Creating RAID5 over existing data is bad

Irreversibly bad, in fact, if you do like here

I bought a Zyxel Nas540 … plugged my HDD’s with my data in them and created a RAID5 volume. I didn’t know it will change the file format completely. I tried to connect my hdd’s back to my computer to backup the data but all of the hdd’s are damaged. … Is there a way to restore last file system ?

No.

The RAID5 has parity interleaved with data on all disks. Once RAID5 is first synchronized, every Nth block of data on each of N disks is overwritten. Given typical block sizes used in RAIDs, this prevents any practical recovery.

 

Rebuild goes wrong

Everything looked nominal.

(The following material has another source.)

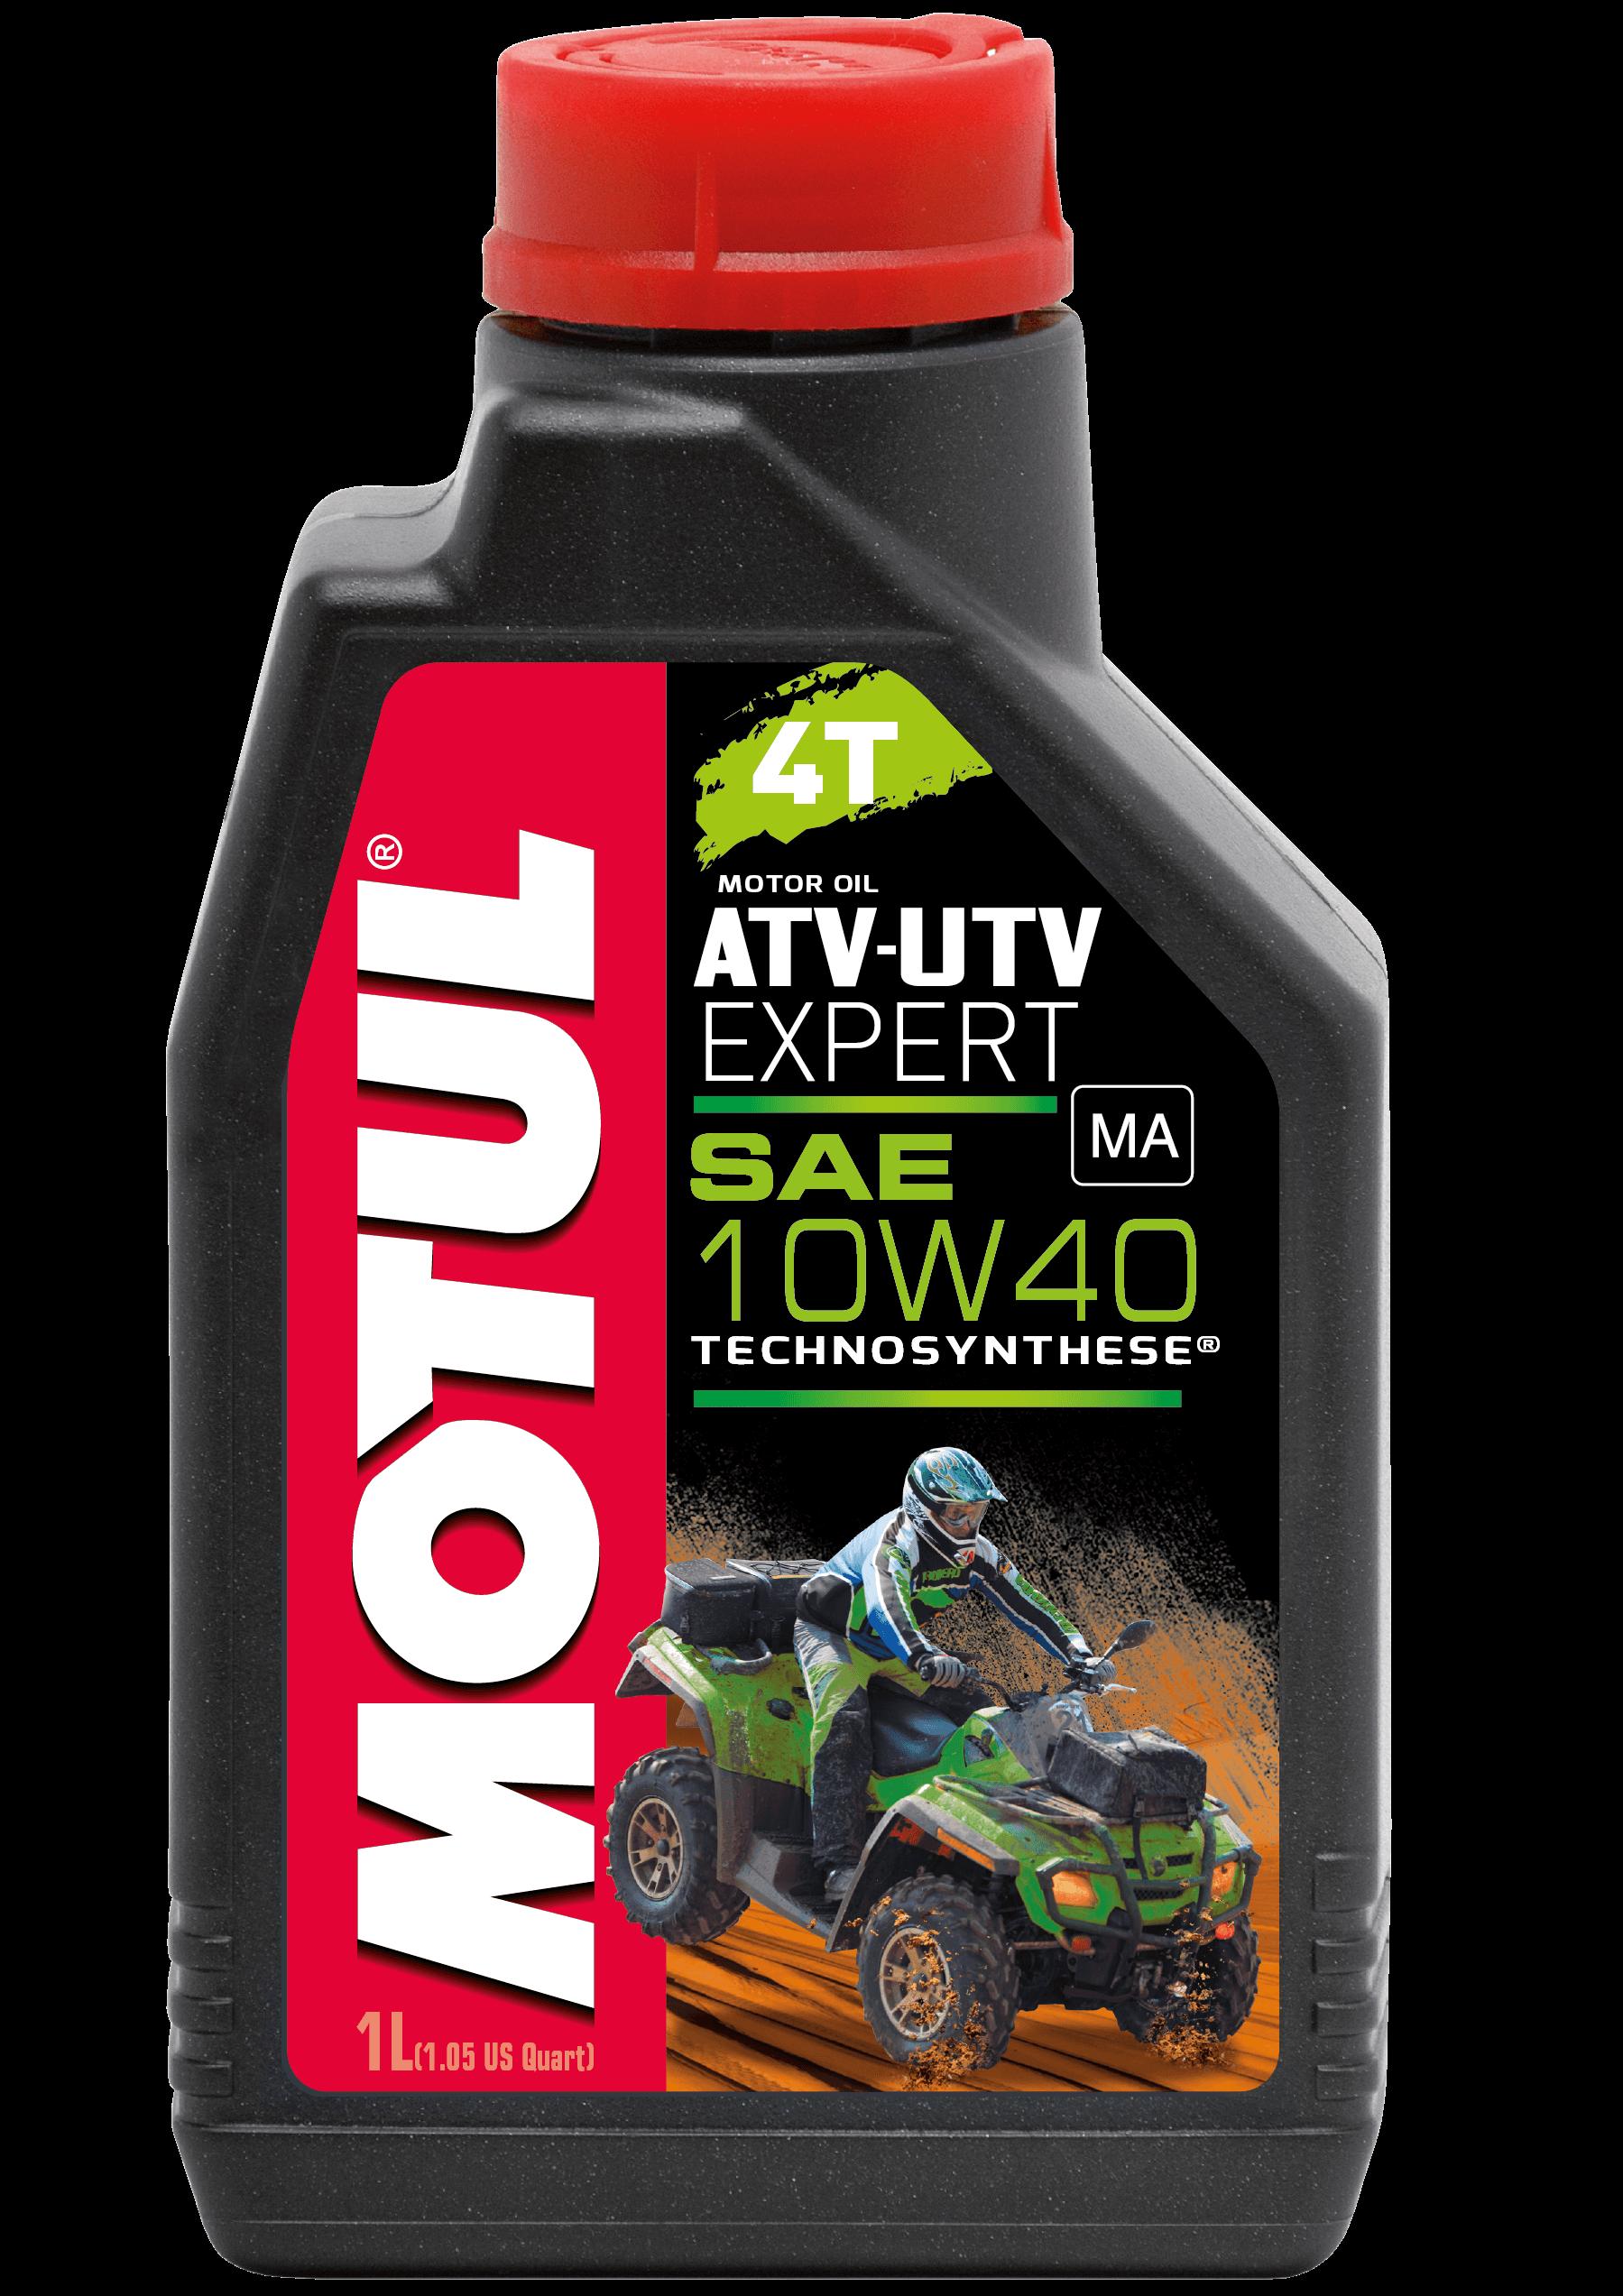 Moottoriöljy MOTUL ATV-UTV EXPERT 4T 10W40 1L

This case is actually kind of unexpected example of routine operation going belly up, the NAS owner ends up looking for recovery options after RAID 5 crash

Recently our quite old NAS Iomega Storcenter 200rl with a RAID 5 out of 4x500GB, reported a harddisk failure and our administration replaced one of the disks that was marked. Then the Storecenter told that it was synchronizing the data. After synchronization the NAS told that 100% of storage capacity is free and so it tell until now… I am interessted in options to revocer the data.

Certainly does not look like something was done wrong; if the NAS have sensed the rebuild cannot be completed, it would have had refused to even start the process. Certainly, with a wrong disk replaced, the rebuild does not happen. In this case, however, the rebuild was completed with no reported anomaly – something else went wrong.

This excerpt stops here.